# Waste tank screw caps



## Fairportgoer (Jun 24, 2008)

Good Evening,

On the bottom of our waste tank (Cheyenne 696G) we have what looks like two screw caps 8O 

It looks like the hole would be big enough to get your arm in to clean out any debris that has built up in there causing a smell.

I am trying to find out if anyone with an Auto-Trail has removed these caps and had any problems with re-sealing them. 

Many thanks

Dean


----------



## carolgavin (May 9, 2005)

I have heard that screws can be somewhat problematic. Its all a question of tension and the right tools.
However I would be very wary of sticking me arm up!
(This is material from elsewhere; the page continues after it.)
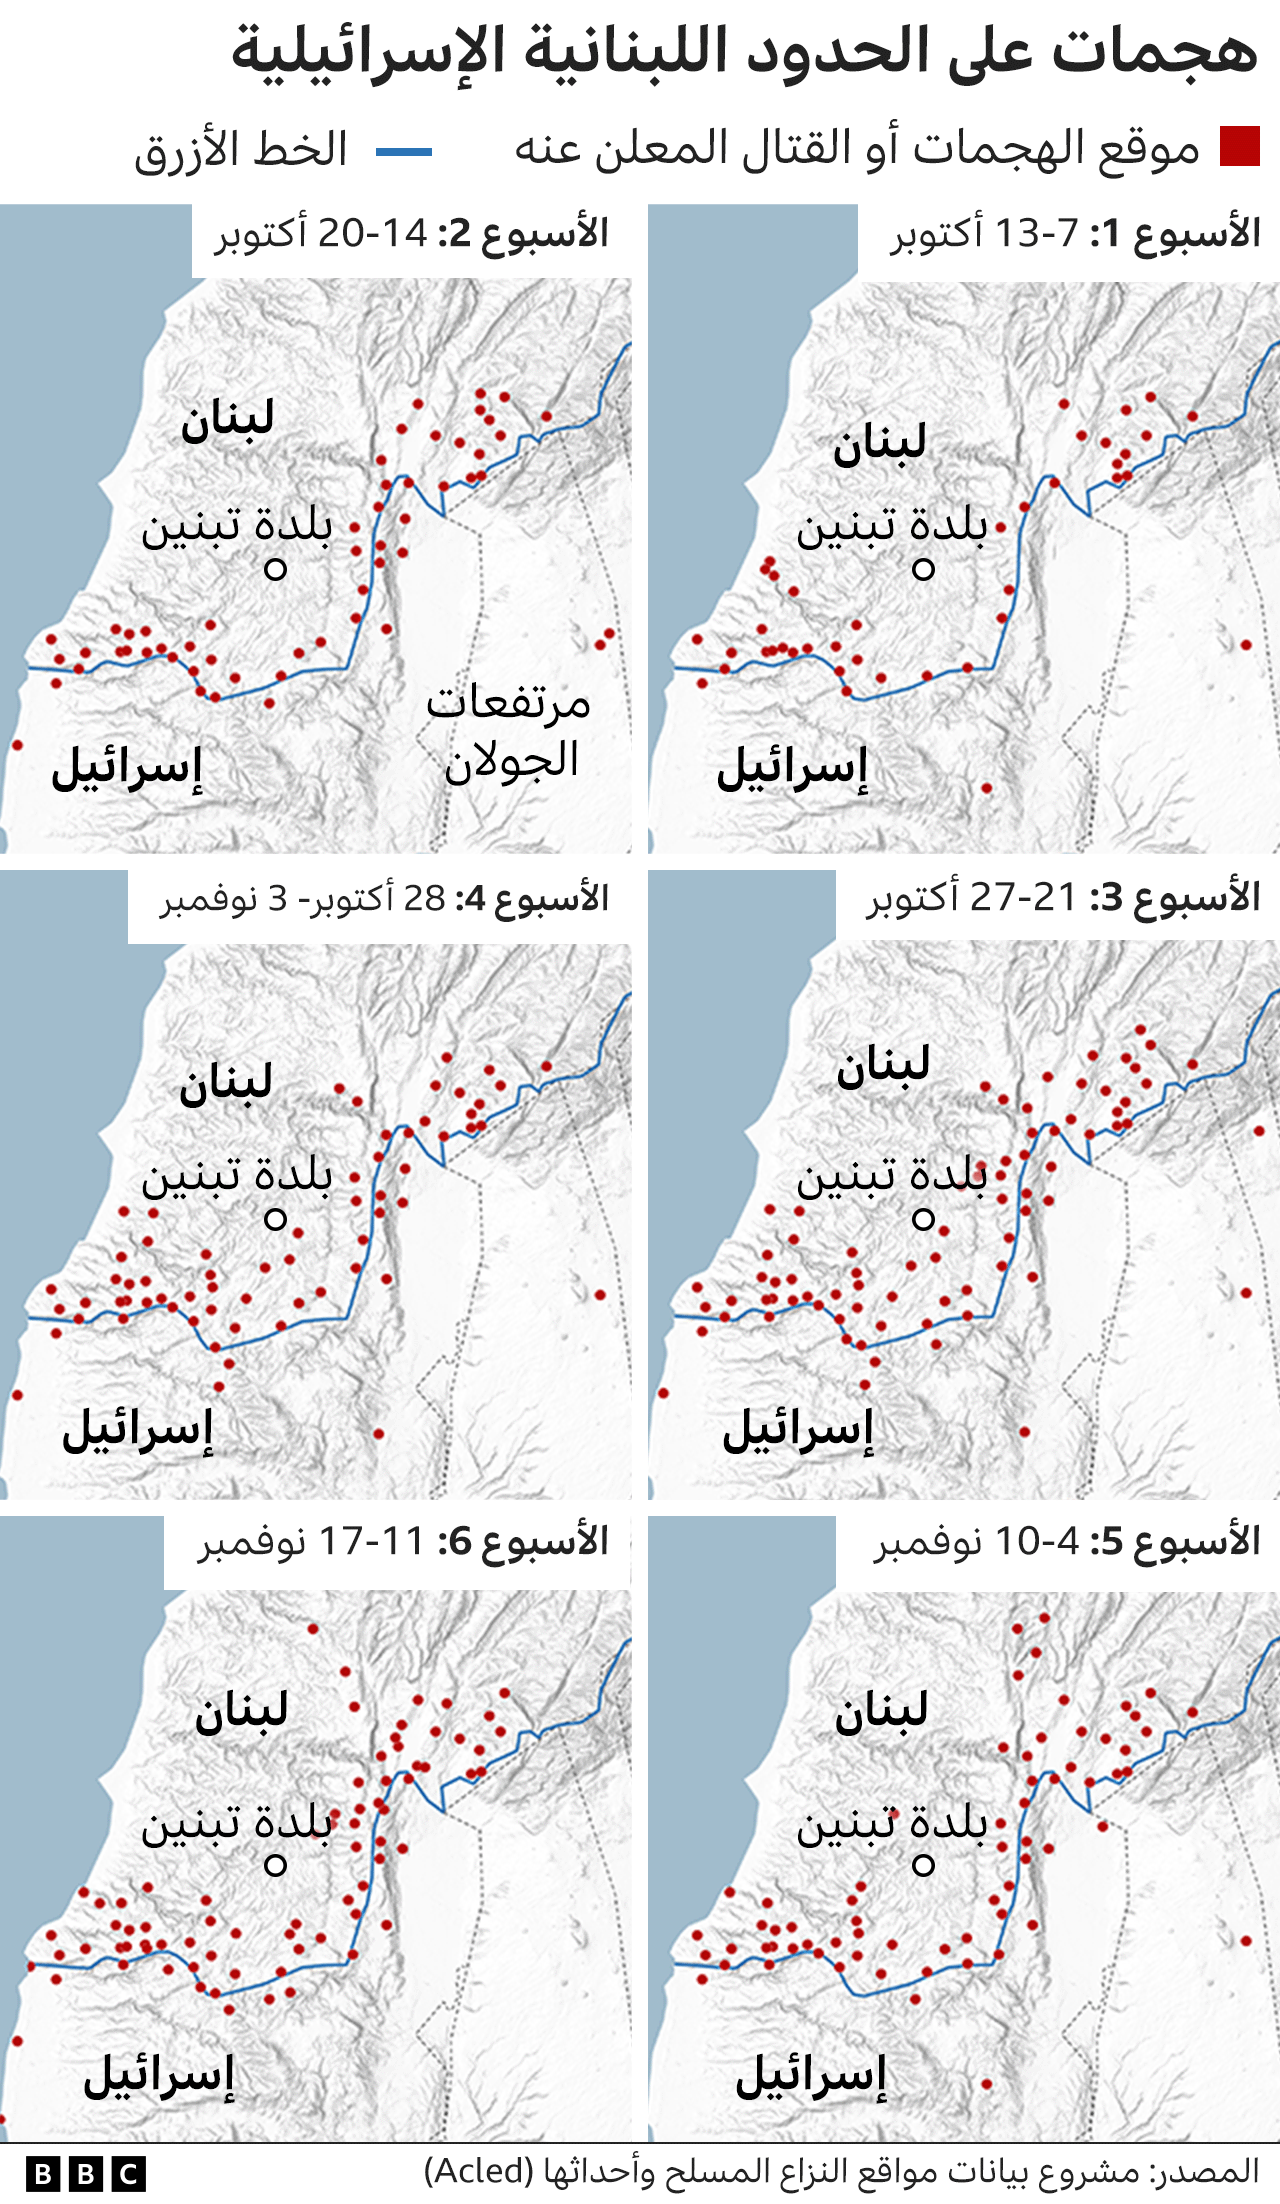 رسم بياني يوضح العدد المتزايد من الهجمات عبر الحدود اللبنانية الإسرائيلية

You could get it stuck, oh and you would need them long marigolds!!!!


----------



## greenasthegrass (Oct 27, 2007)

Tis boring night on facts me thinks. So far we have done morris dancing, shagpile, avocado bathroom suites, now we into screwing. My mind is boggling and not being much help to poor Deano who is stuck with his arm up it like a cow about to give birth - its all going pete tong!

Can I have another of what I have already had please?

Greennie

PS hope its all going swimmingly oops might be wrong word there Dean and Ange - we will be there in 6 weeks to partake the French lifestyle. Well we live in hope.


----------